→ **GIVEN INFORMATION**

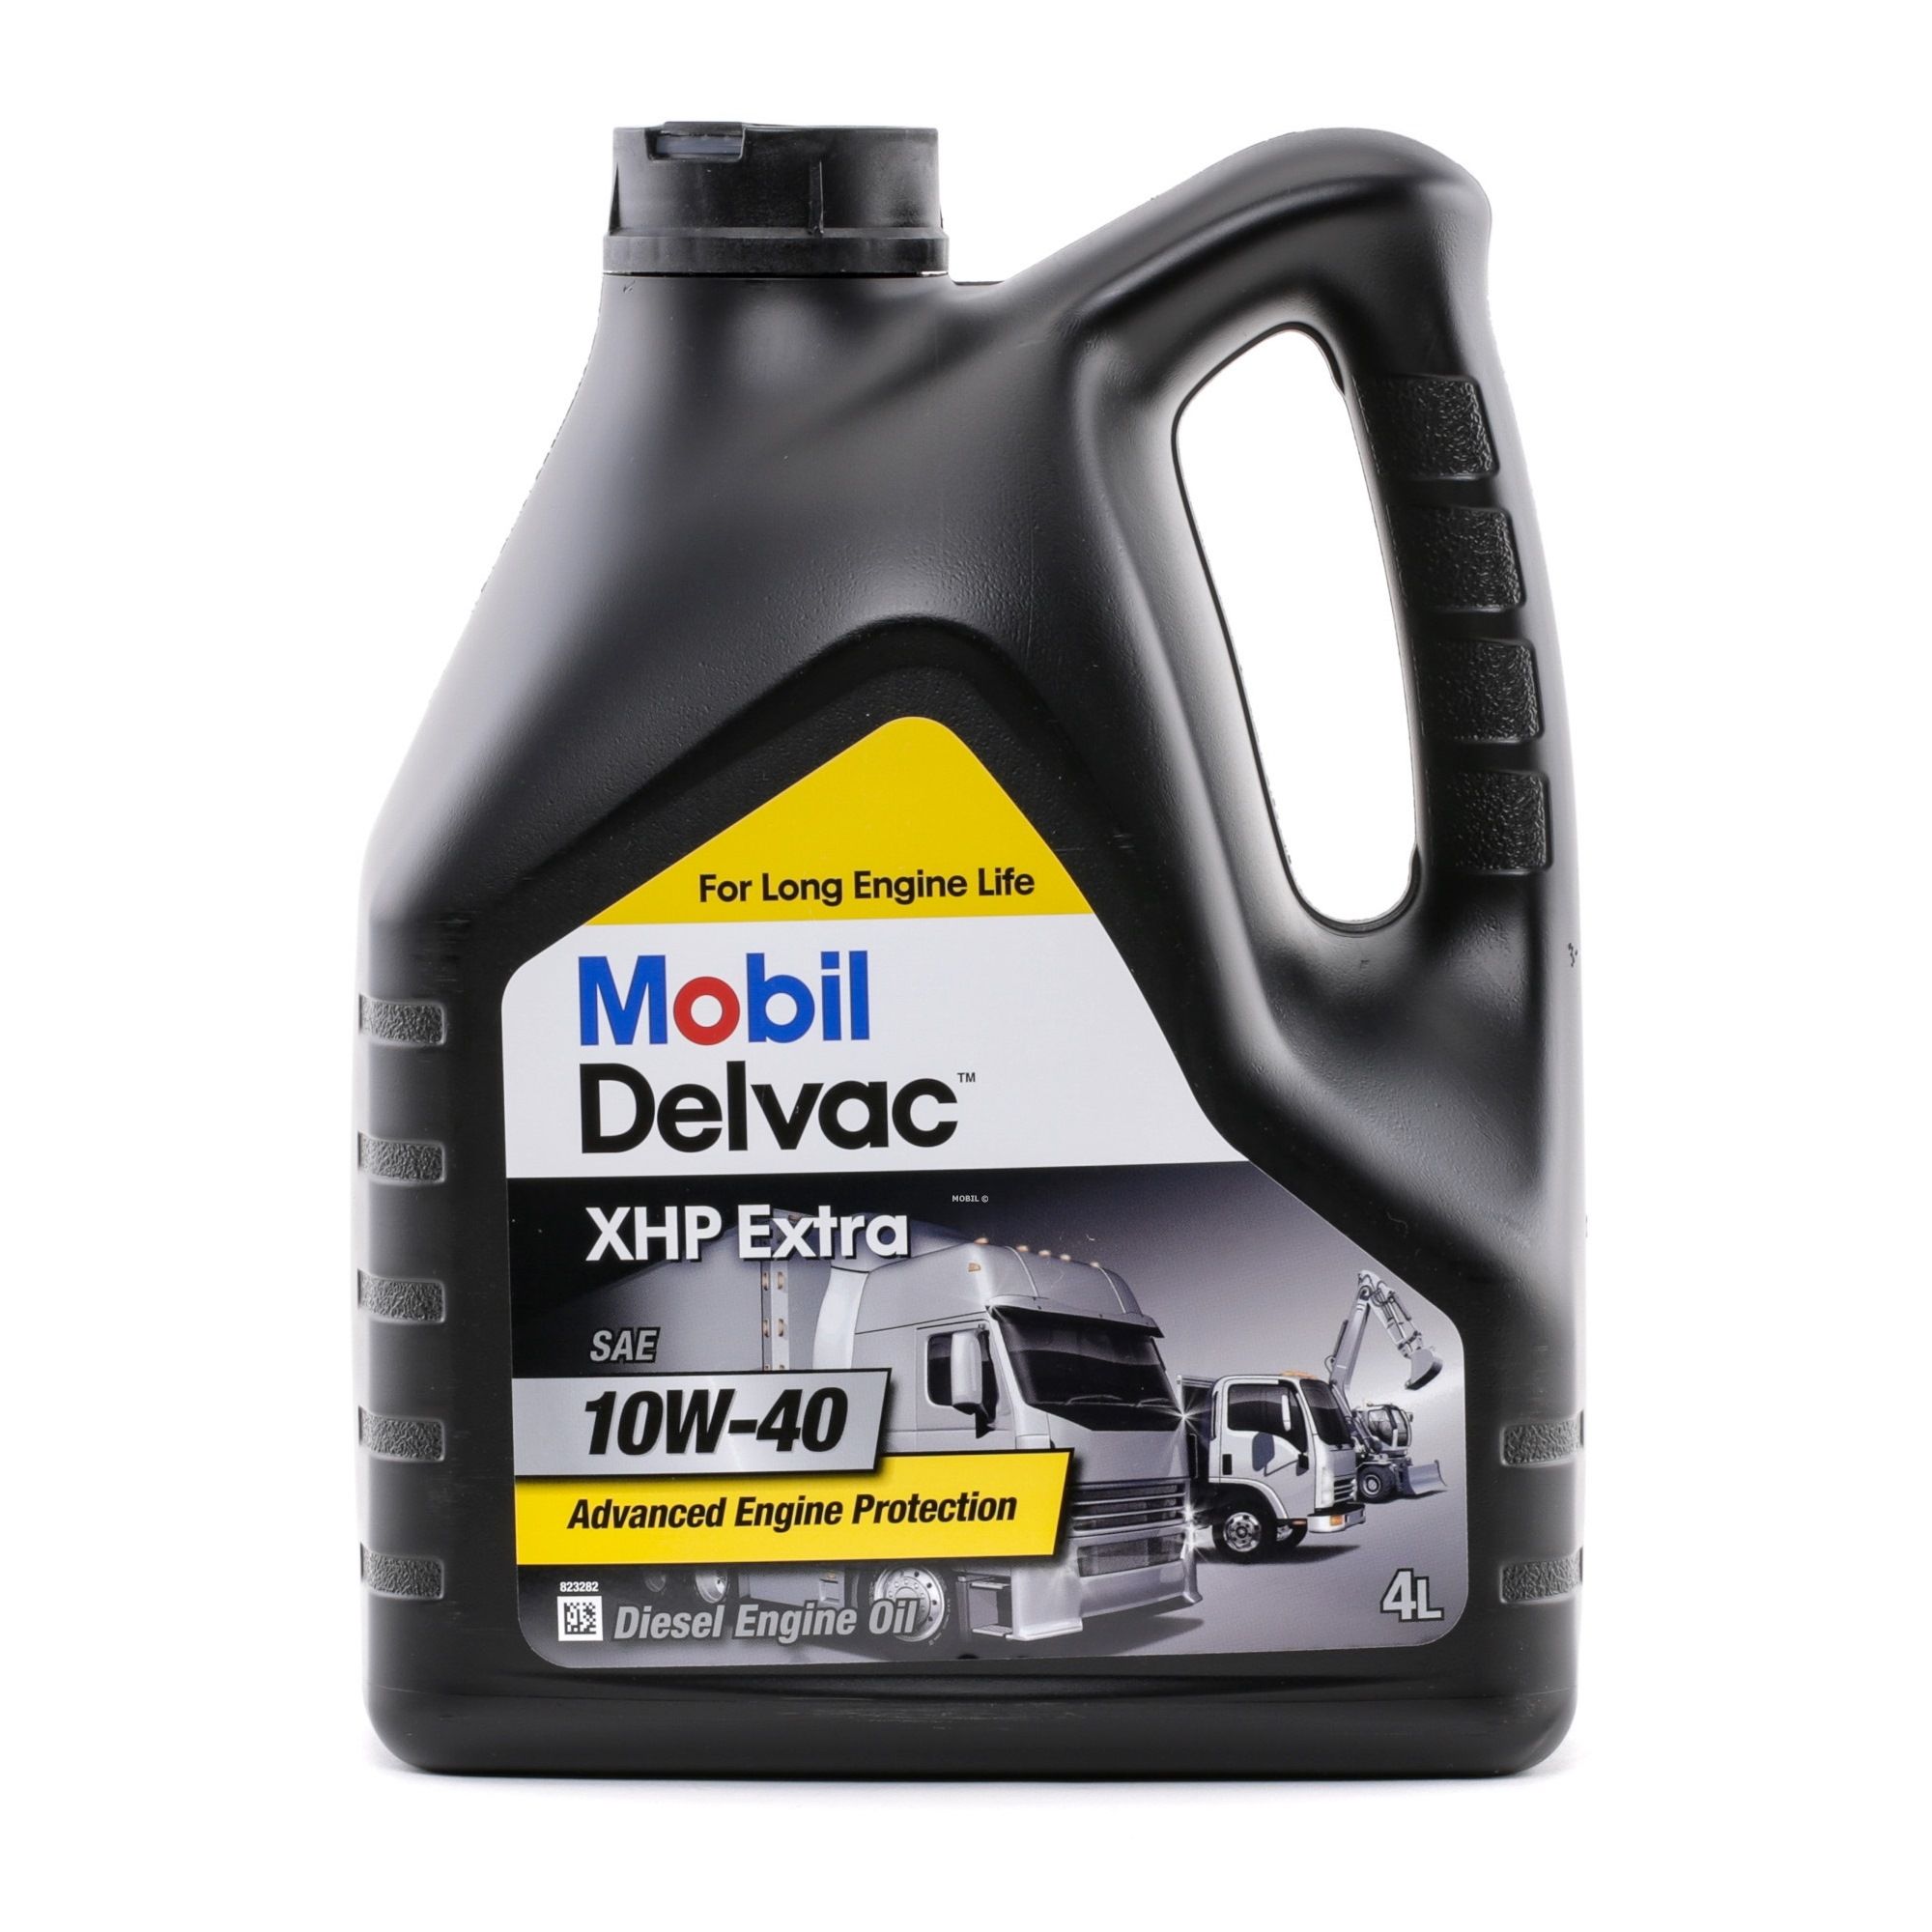 MOBIL 148369 Engine oil cheap in online store
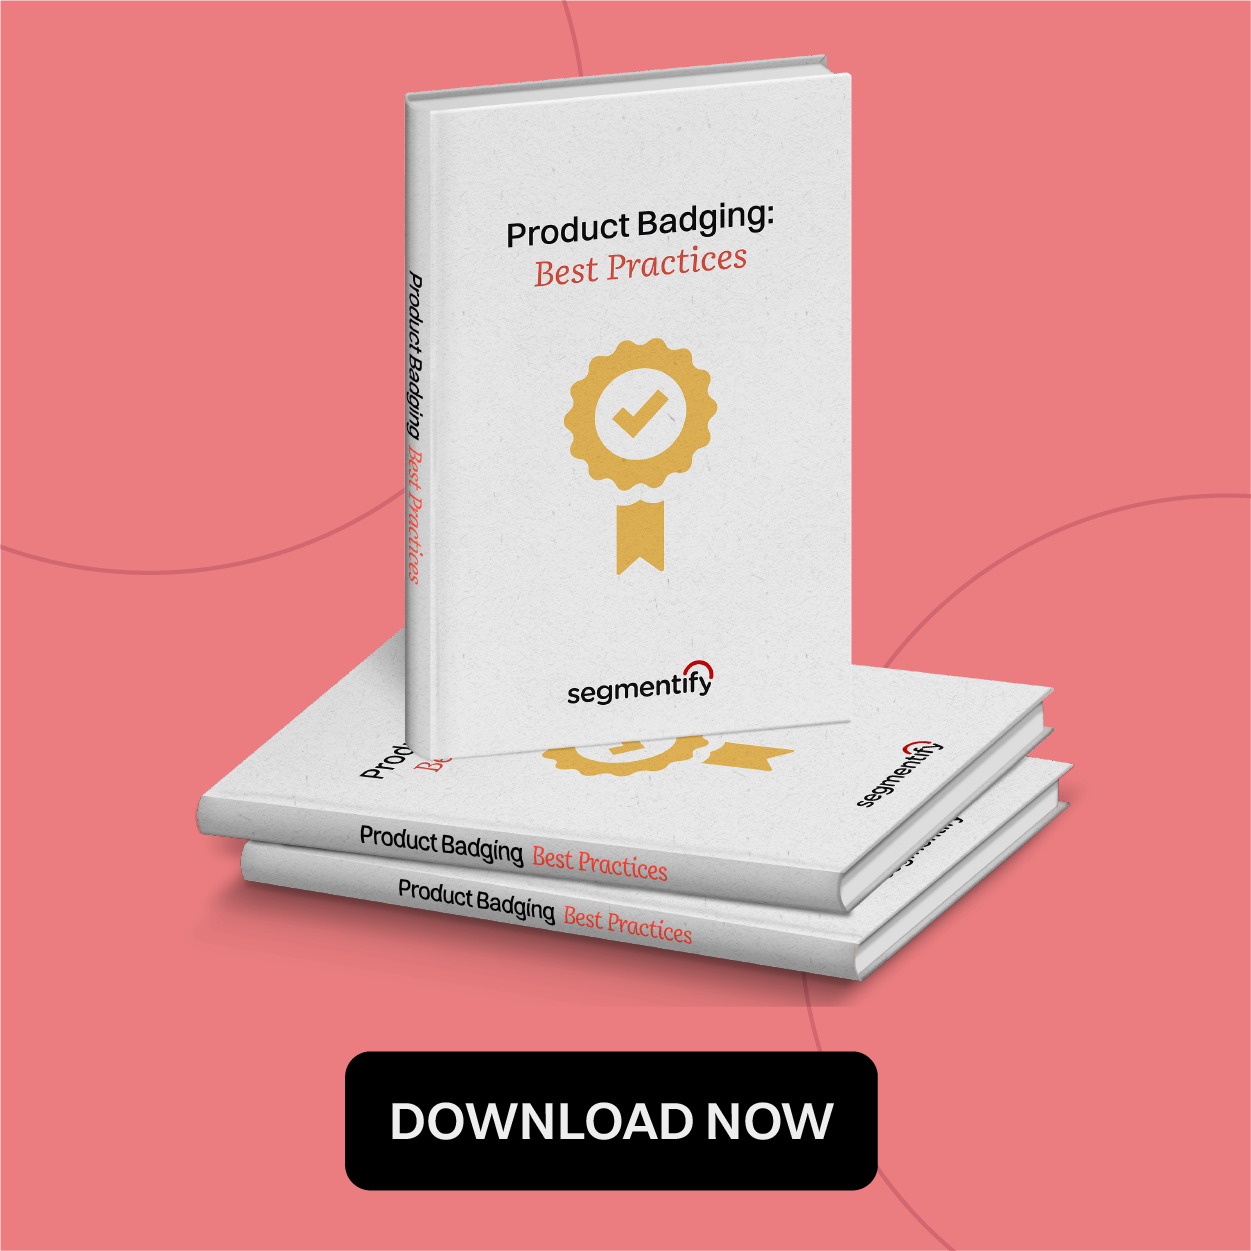 Download eCommerce Product Badging Best Practices
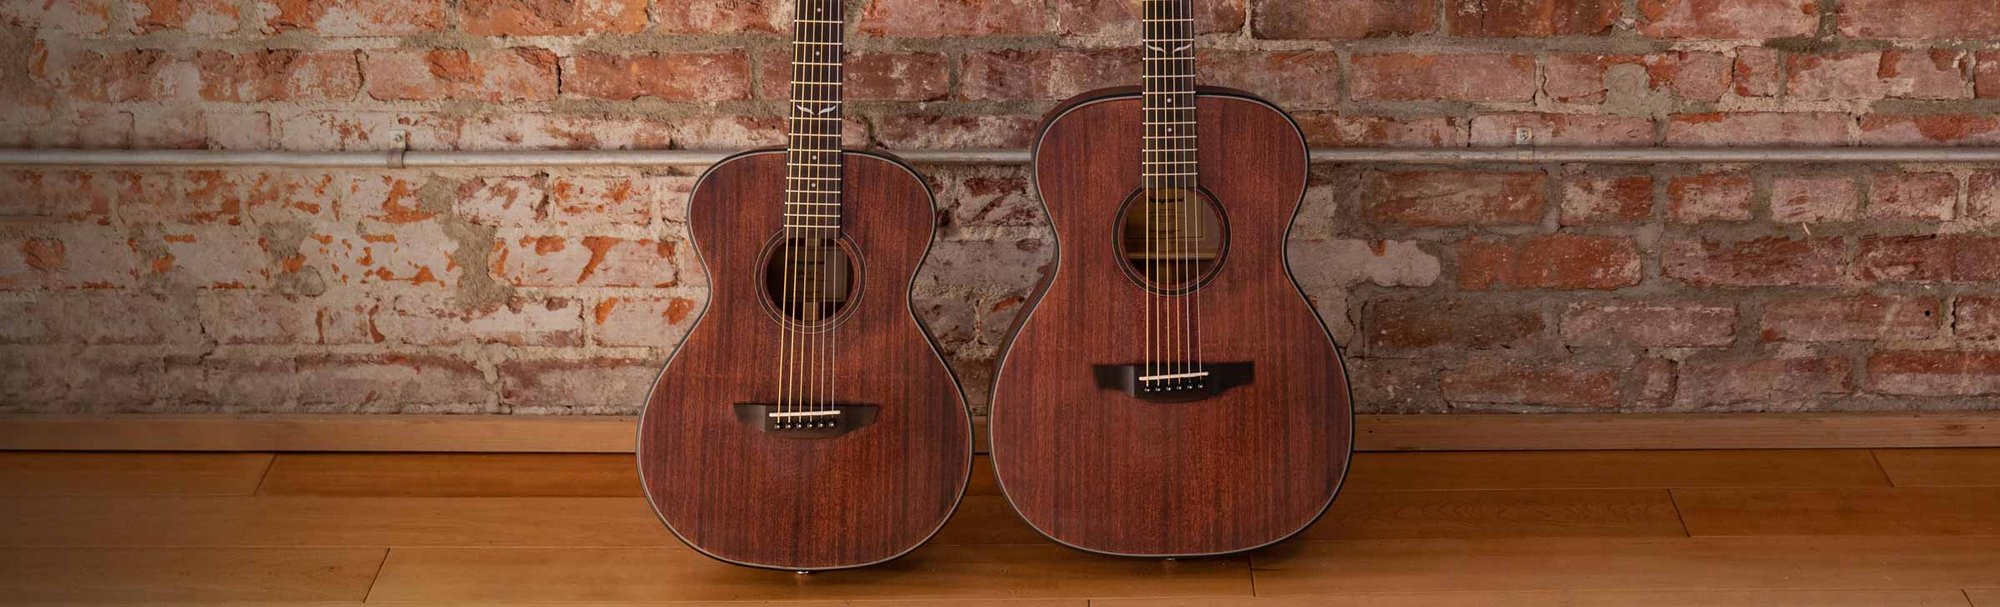 The Oliver Jr. Mahogany and Oliver Spruce guitars resting on a sofa.

→ **HOW TO COMPLETE THIS TASK**
Would you repeat the complete listing exactly, excluding each picture it holds?

→ **WRITTEN SOLUTION**
 MOBIL 148369 Engine oil cheap in online store
 Download eCommerce Product Badging Best Practices
 The Oliver Jr. Mahogany and Oliver Spruce guitars resting on a sofa.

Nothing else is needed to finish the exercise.